Your copy of the data below must be exact and must leave out all pictures.

* [DATA SEGMENT]:
------------------------
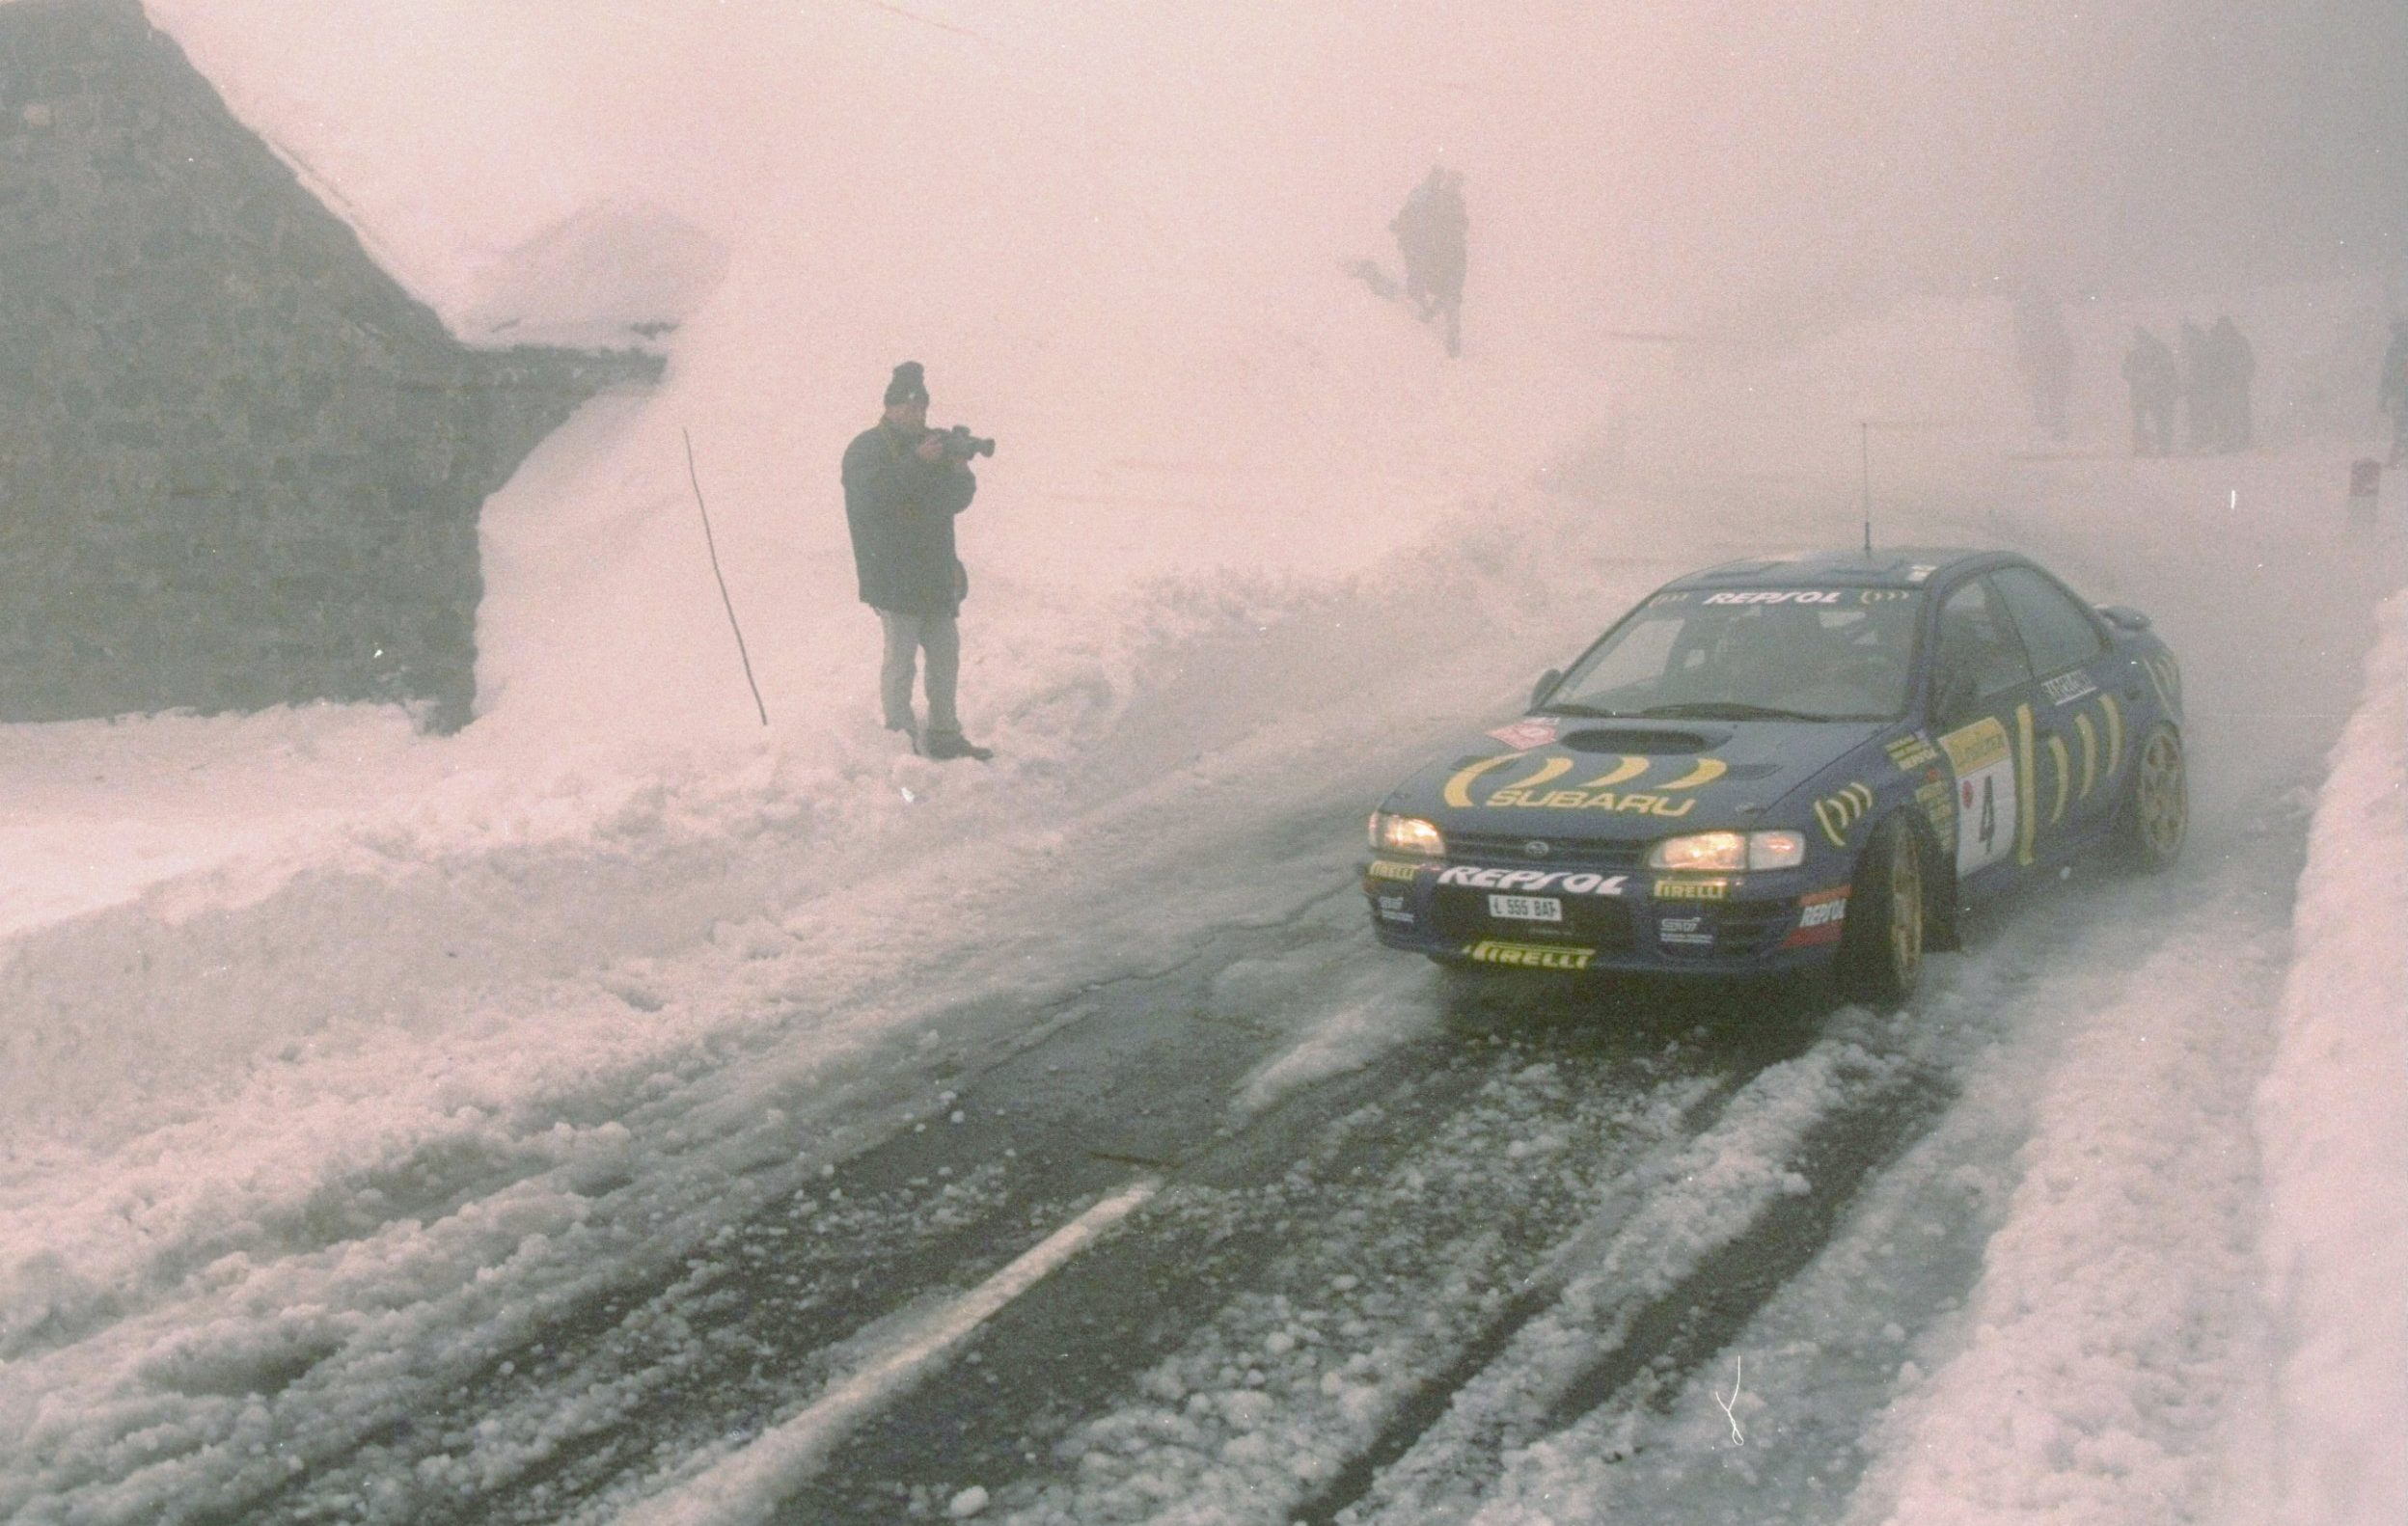 Jan 1995: Colin McRae and Derek Ringer of Great Britain in action in their Subaru Impreza during the Monte Carlo Rally in Monaco. McRae and Ringer retired from the rally after an accident. Mandatory Credit: Pascal Rondeau/Allsport
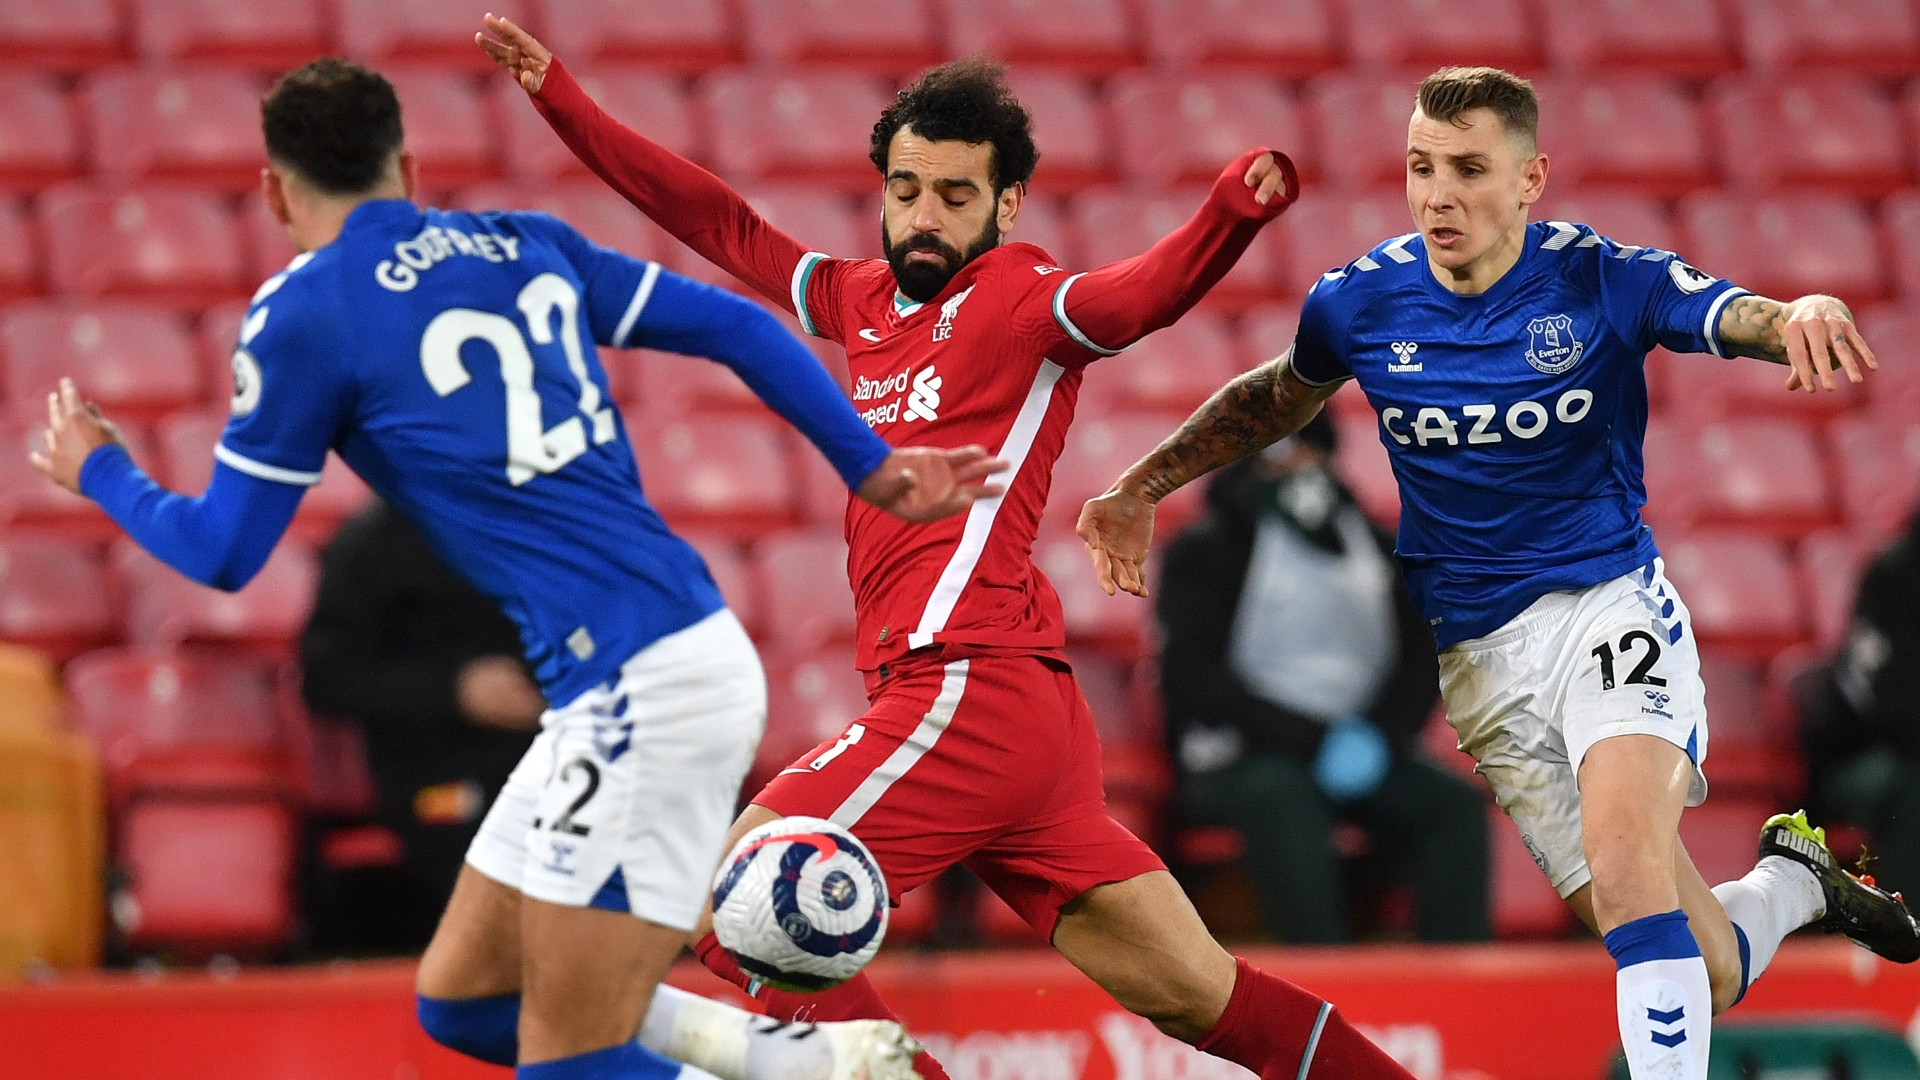 Everton vs Liverpool BetKing Tips: Latest odds, team news, preview and predictions | Goal.com
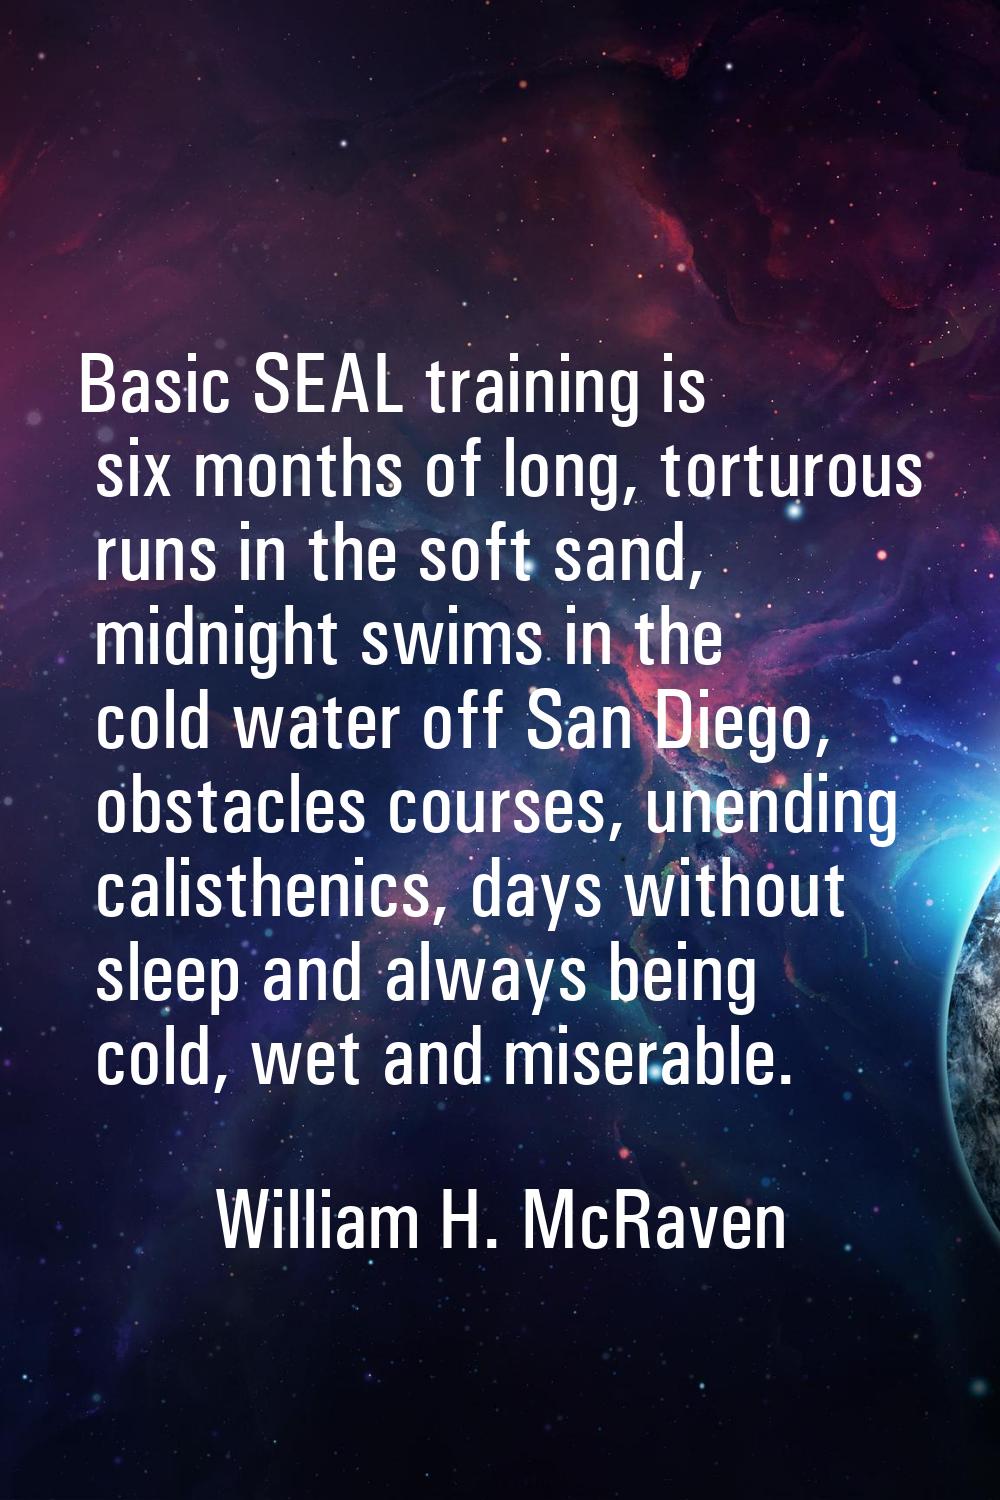 Basic SEAL training is six months of long, torturous runs in the soft sand, midnight swims in the c
------------------------
* [ANSWER SECTION]:
 Jan 1995: Colin McRae and Derek Ringer of Great Britain in action in their Subaru Impreza during the Monte Carlo Rally in Monaco. McRae and Ringer retired from the rally after an accident. Mandatory Credit: Pascal Rondeau/Allsport
 Everton vs Liverpool BetKing Tips: Latest odds, team news, preview and predictions | Goal.com
 Basic SEAL training is six months of long, torturous runs in the soft sand, midnight swims in the c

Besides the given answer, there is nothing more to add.